RdlD RNA (regulator detected in LDR-D) is a family of small non-coding RNAs which repress the protein LdrD in a type I toxin-antitoxin system. It was discovered in Escherichia coli strain K-12 in a long direct repeat (LDR) named LDR-D. This locus encodes two products: a 35 amino acid peptide toxin (ldrD) and a 60 nucleotide RNA antitoxin. The 374nt toxin mRNA has a half-life of around 30 minutes while rdlD RNA has a half-life of only 2 minutes. This is in keeping with other type I toxin-antitoxin systems.

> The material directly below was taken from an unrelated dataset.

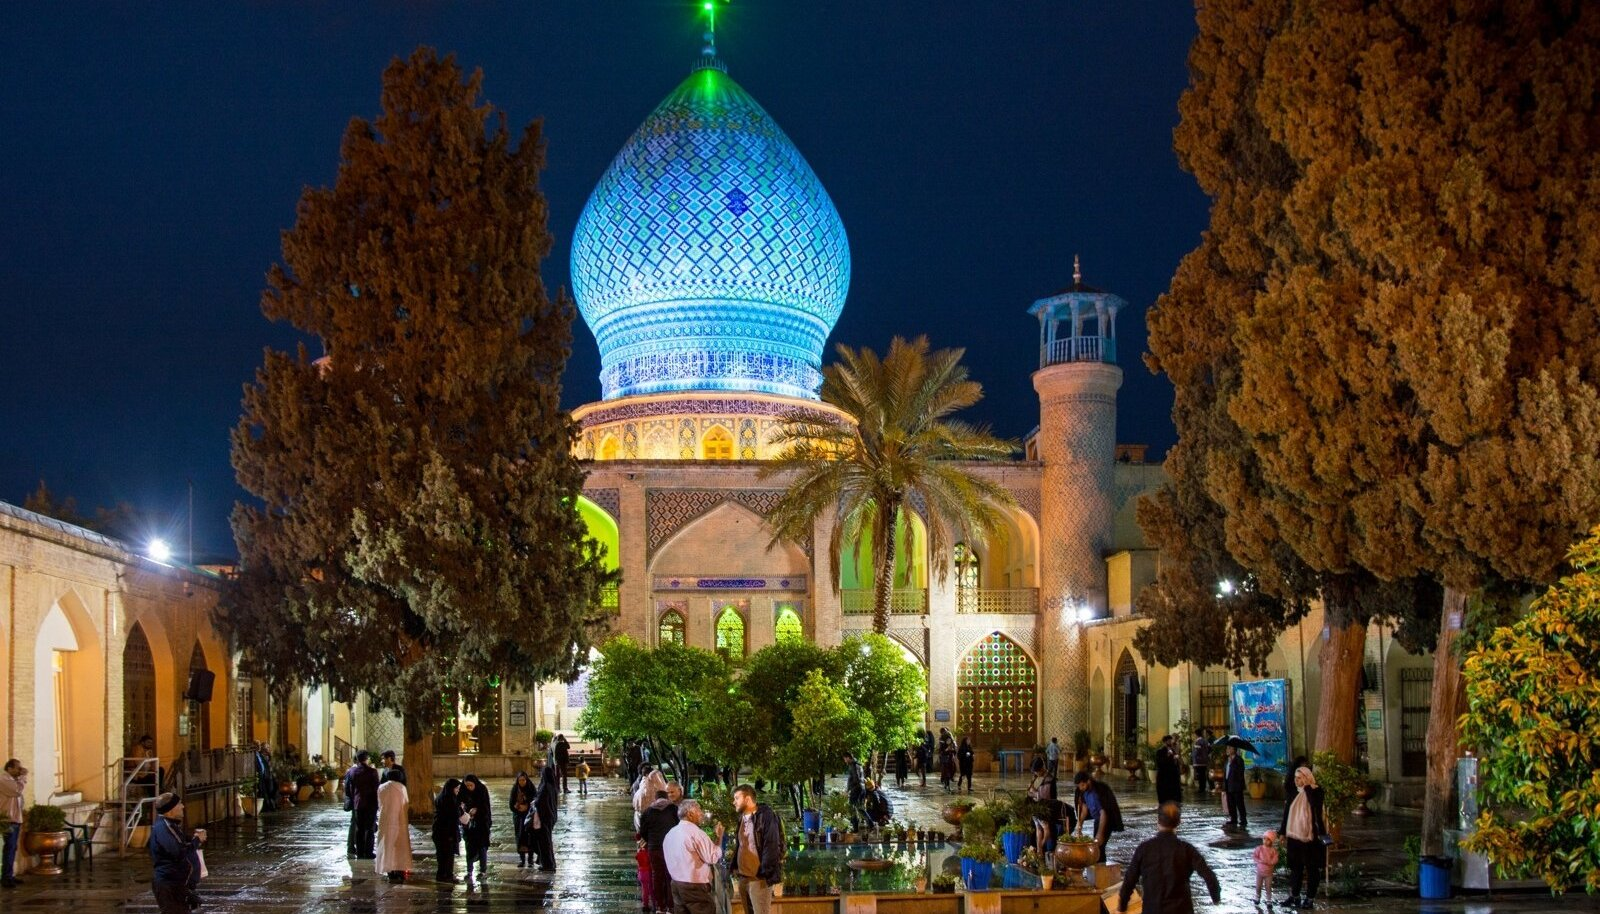 Arhitektuuri ilu keset Shirazi linna
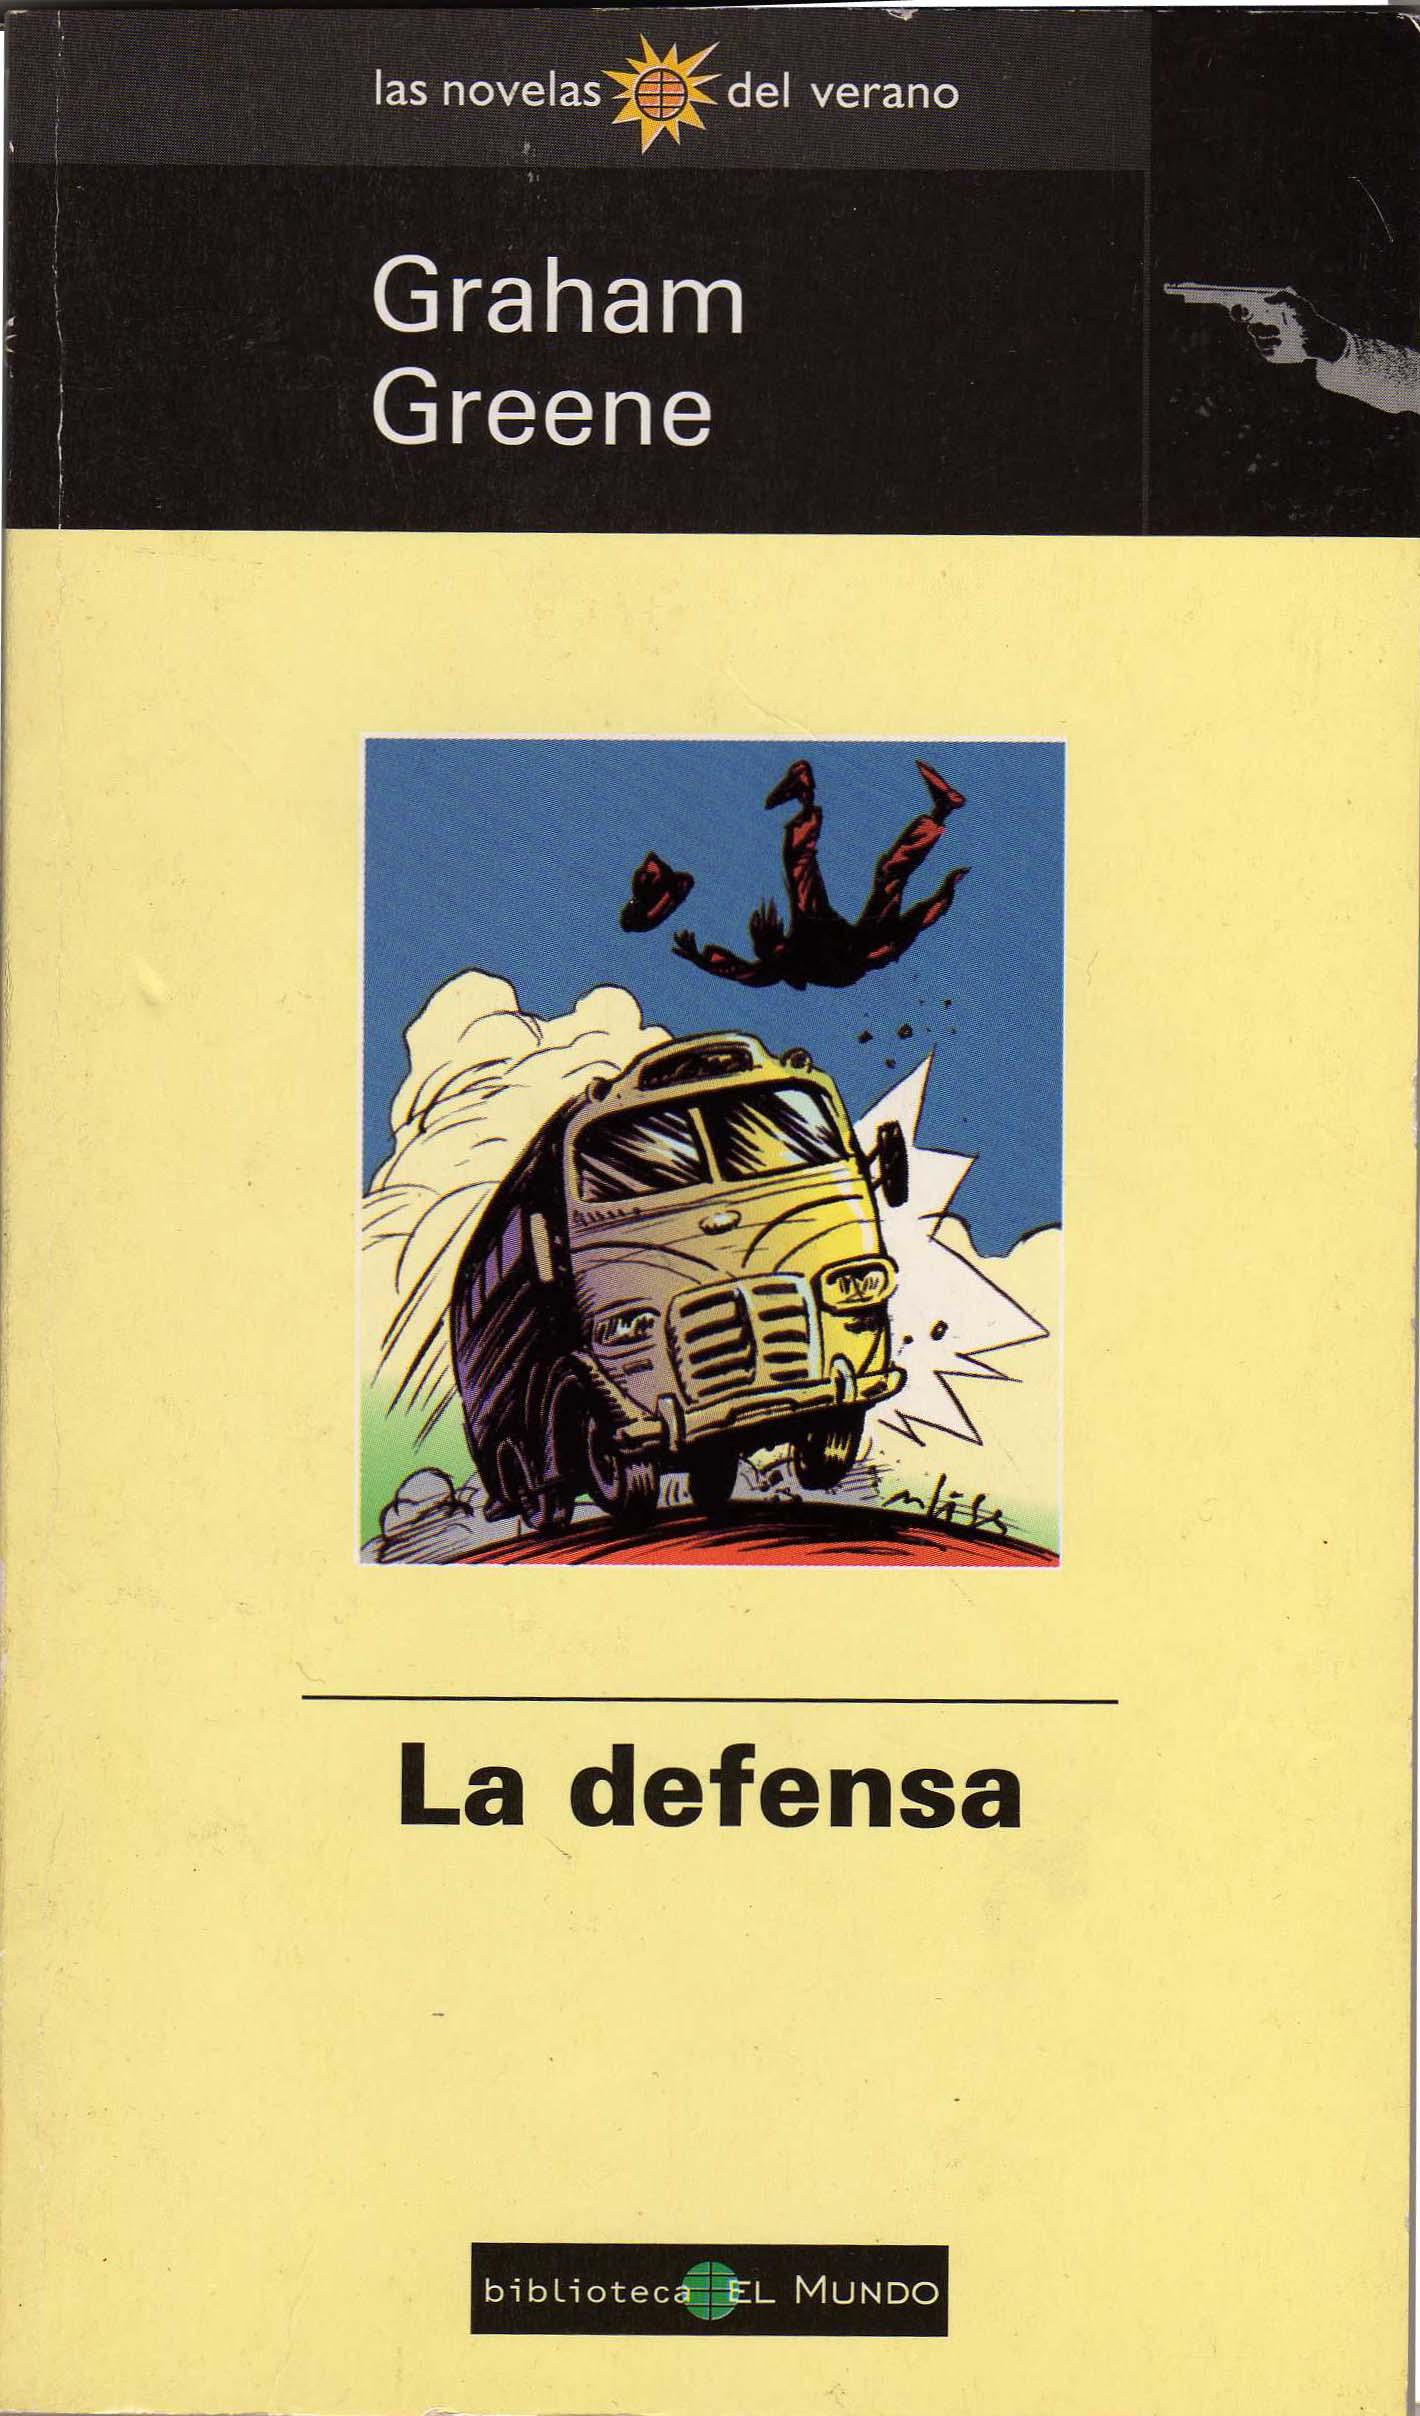 Defensa, La

Northern blots showed that ldrD and rdlD are both transcribed and primer extension analysis showed the rdlD transcript is not translated.

Homologues exist in related Enterobacteriaceae such as Salmonella enterica and Shigella boydii. The Ldr peptide genes that have been discovered are thought to have evolved from a common ancestor.

==LDR sequences==
Four long direct repeat (LDR) sequences were identified during genetic sequencing of a 718kb segment of the E. coli genome. One of these, LDR-D was studied further in order to determine the physiological function of these regions. The genes encoded by the other three LDRs, ldrA, ldrB and ldrC were confirmed to have the same activity as ldrD.

==Physiological effects of LdrD==
The LdrD protein causes growth inhibition, loss of cell viability, nucleoid condensation and alteration in purine metabolism when overexpressed. Once growth arrest has been achieved, it is irreversible. Another potential effect of elevated LdrD could be reduced levels of cAMP in the cell. It inhibits both translation and transcription, which contributes significantly to reducing the cell's viability.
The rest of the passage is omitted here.